Parole come queste sono ancora in grado di destare un senso di repulsione in chi le ascolta.
La lebbra non è soltanto una malattia mortale e per molto tempo incurabile, ma anche una malattia degradante, capace di ridurre chi ne è affetto alla condizione di un mostro.
Oggi vivono al mondo circa 15 milioni di lebbrosi, nella quasi totalità concentrati in Paesi poveri.
I riferimenti possibili a questa malattia e alle sue conseguenze per chi ne è affetto sono moltissimi, nella cultura di ogni tempo e Paese.
Nella civiltà occidentale ha avuto un peso importante fino a tutto il Medioevo, ma l’eco del suo passaggio non si è mai del tutto spento. Un classico del ‘900 italiano, Dino Buzzati (1906-72) la mette al centro di angoscianti racconti ambientati in un Medioevo senza tempo, che potrebbe anche rappresentare una distopia, come Una cosa che comincia per elle o L’uomo che volle guarire
Un giornalista e poeta cattolico francese di grande successo popolare, Raul Follereau (1903-77), ha dedicato quasi tutta la sua opera di artista e filantropo ai lebbrosi dell’Africa. Henri Charrière (1906-73) , ergastolano e poi scrittore, nel suo capolavoro autobiografico Papillon, racconta anche della sua avventura in una colonia di lebbrosi durante la sua fuga dalla Cayenna. Anche la scrittrice e filantropa vietnamita Le Ly Hayslip (nata nel 1949), nel primo dei suoi appassionanti libri autobiografici, Quando cielo e terra cambiarono posto, narra di un’esperienza tra i lebbrosi del suo Paese.
E questi sono solo i casi più noti.
La lebbra è una malattia che accompagna l’uomo da almeno 4.000 anni, stando ai reperti archeologici; ha preso origine forse in Africa, più probabilmente in Estremo Oriente, visto che i reperti più antichi che la testimoniano sono stati rinvenuti in India e Pakistan.

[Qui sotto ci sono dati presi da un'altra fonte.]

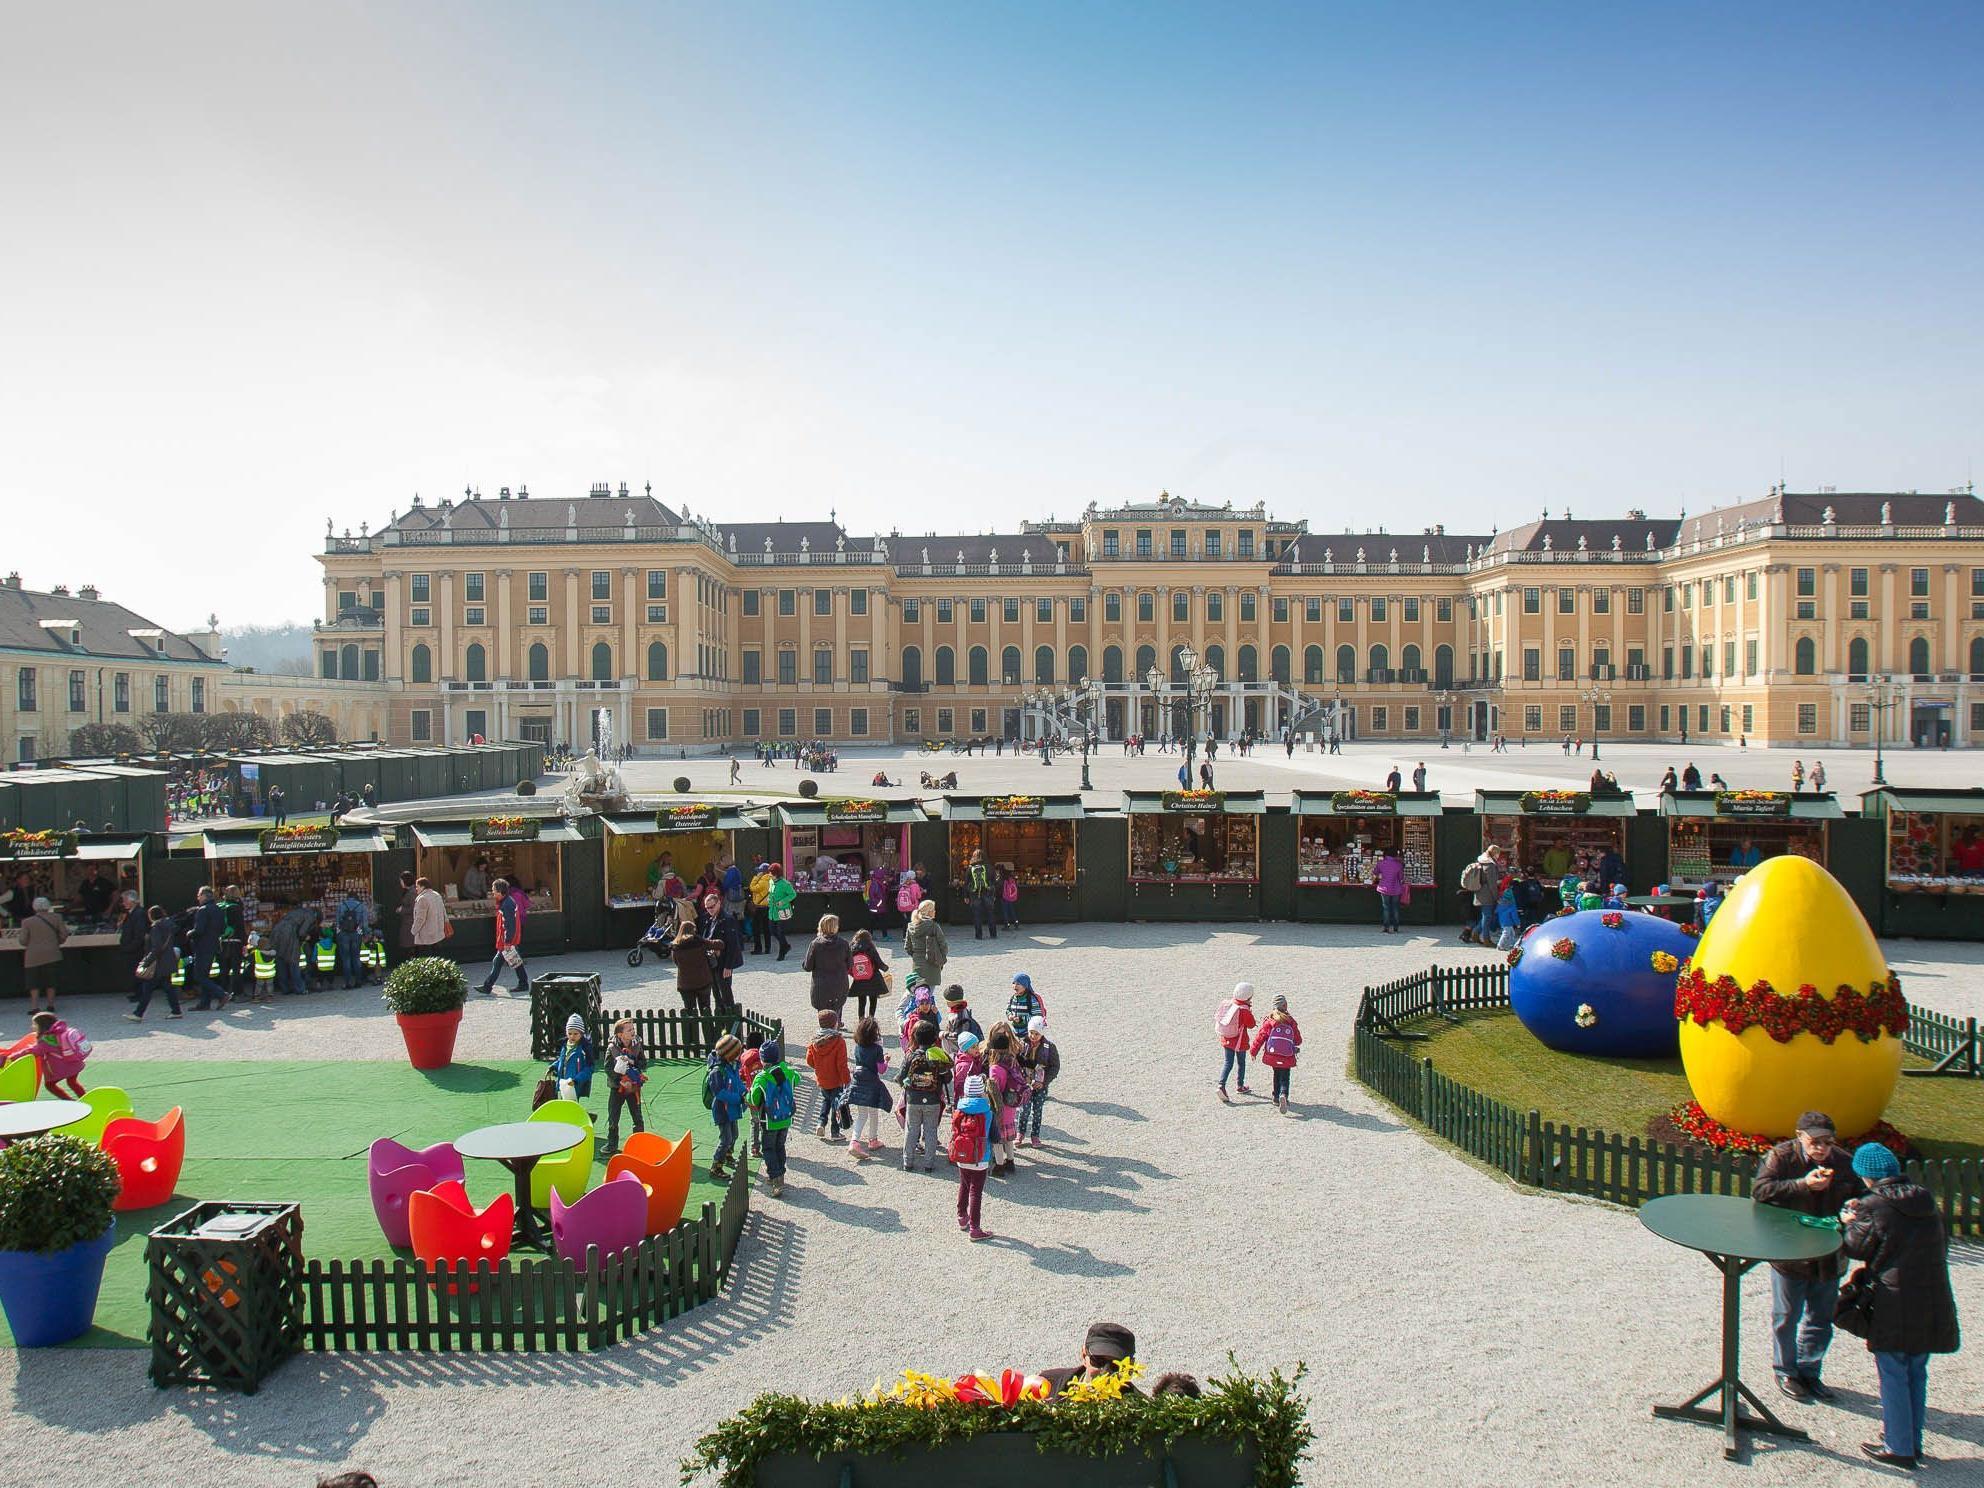 Der Ostermarkt Schloss Schönbrunn lockt auch heuer die Besucher an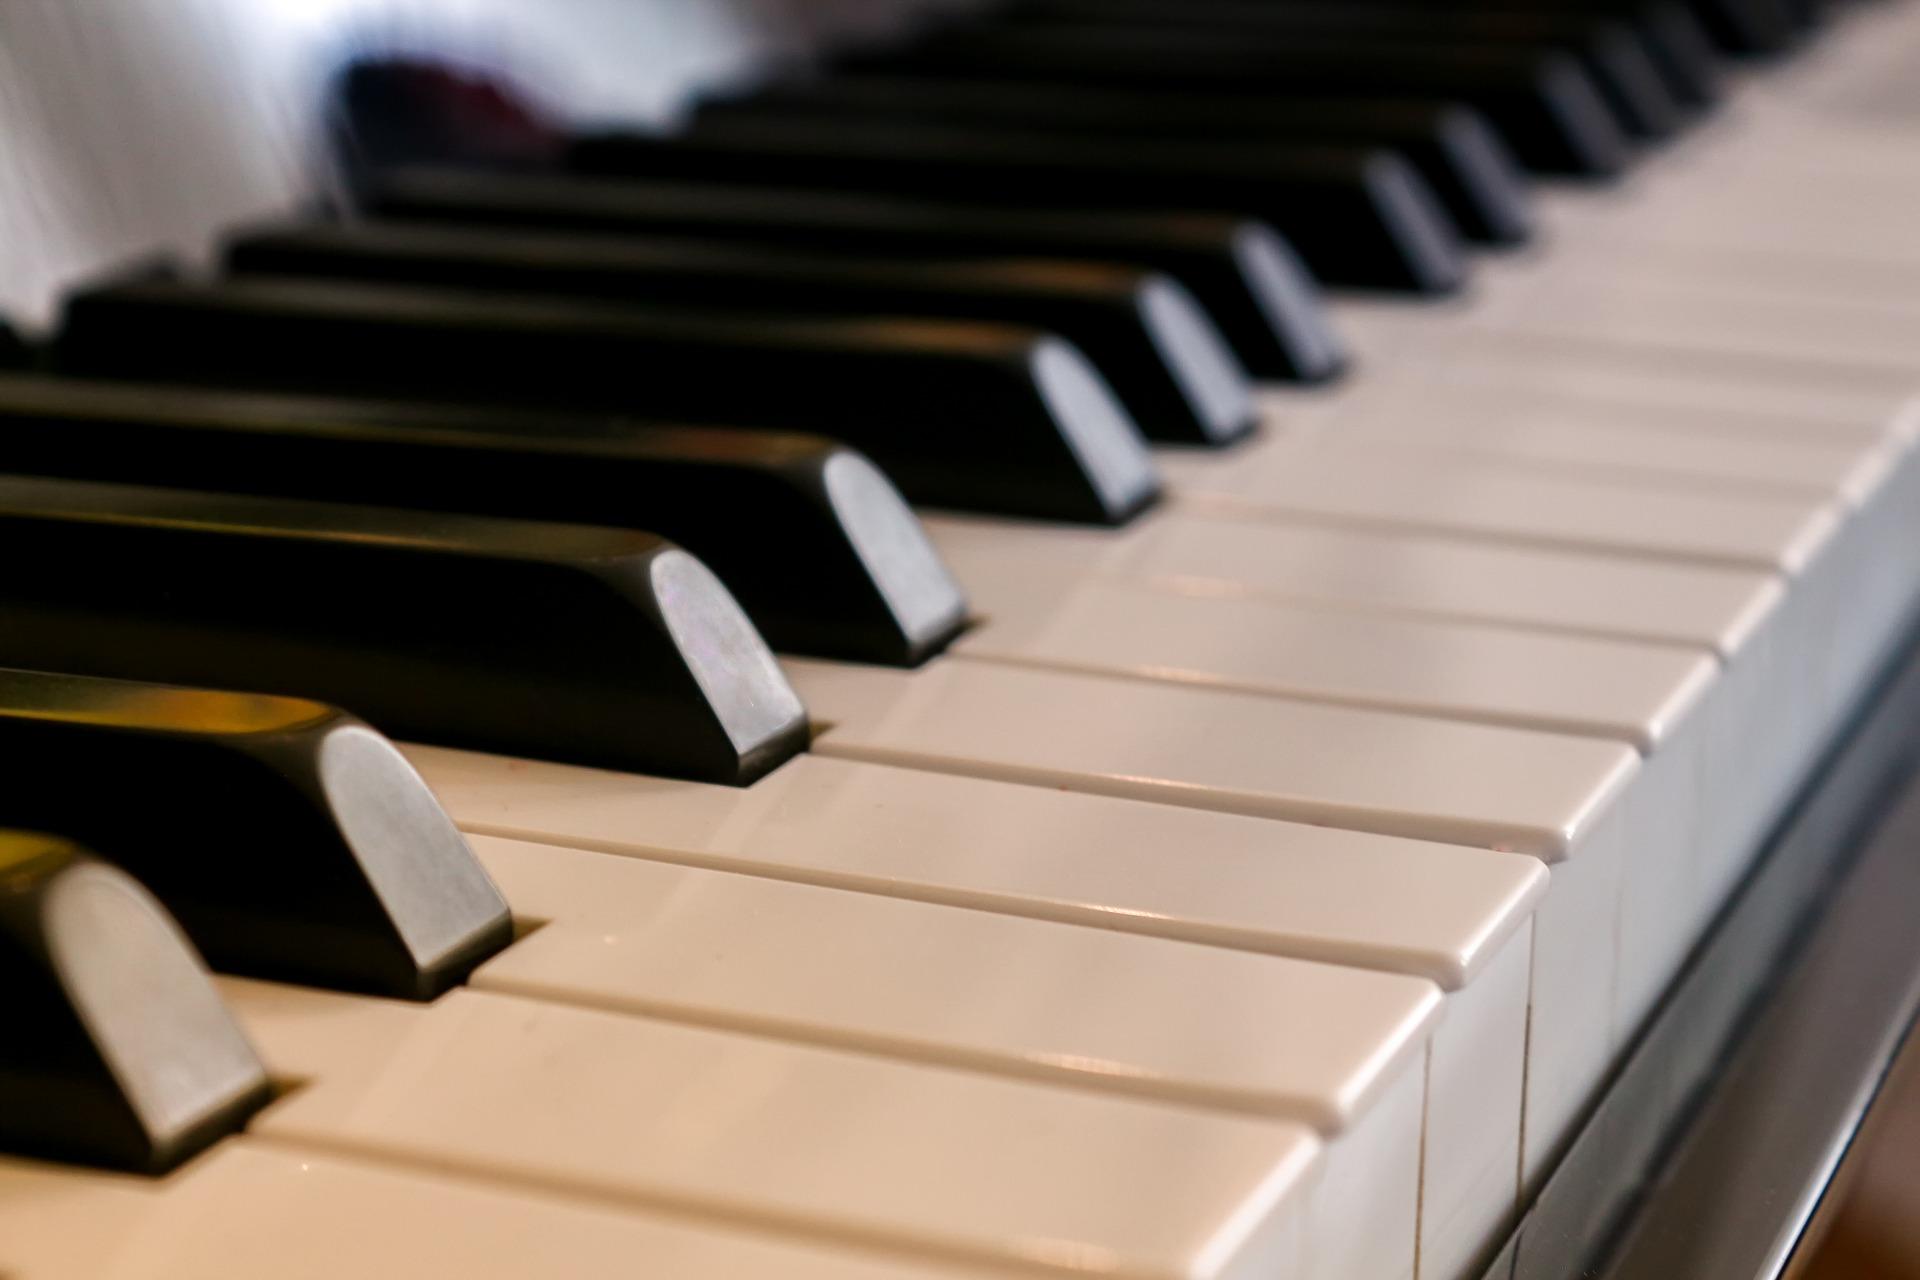 UZAKTAN EĞİTİM  Piyano Kursu Kayıtlarımız Başlamıştır Ayrıntılı Bilgi İçin;  Bilgi Talep Formu doldurun veya 0850 305 03 68 arayın.

Nel IV secolo a. C. era sicuramente presente in Cina.
La sua presenza a Roma è testimoniata da scritti di Celso e di Plinio il Vecchio del I secolo a. C., mentre non è certo che sia la lebbra la malattia cutanea deformante presente nella Palestina del XII secolo a. C., di cui si parla nel Levitico.
Nel Medioevo la lebbra infestava quasi tutta l’Europa, anche se nel tempo le popolazioni svilupparono una certa resistenza che portò l’incidenza a calare drasticamente a partire dal XV secolo. Tuttavia, l’inizio delle colonizzazioni fece sì che la malattia fosse rapidamente diffusa in tutto il Nuovo Mondo, i cui abitanti non disponevano di altrettante difese immunitarie.
La lebbra consiste nell’infezione da parte di un bacillo, detto bacillo di Hansen, identificato per la prima volta nel 1873 dal dermatologo norvegese Gerhard Hansen (1841-1912). Questa infezione si trasmette in molti modi, ma quello prevalente sembra essere il contatto cutaneo, ossia quello diretto. Infatti le fasi di maggiore diffusione della lebbra, in cui l’infezione si è fatta strada come una vera pandemia, corrispondono regolarmente a periodi di notevole concentrazione di popolazioni in aree ristrette.
Lo studioso Andrew Nikiforuk sostiene che a diffondere la lebbra sia stata soprattutto l’inurbazione: in mancanza di conoscenze, pratiche e dispositivi per l’igiene di case e strade, la promiscuità delle città antiche avrebbe favorito la trasmissione di diverse malattie infettive, ma della lebbra in modo particolare, trattandosi di un’infezione che si trasmette in diversi modi e di una malattia che può restare a lungo asintomatica.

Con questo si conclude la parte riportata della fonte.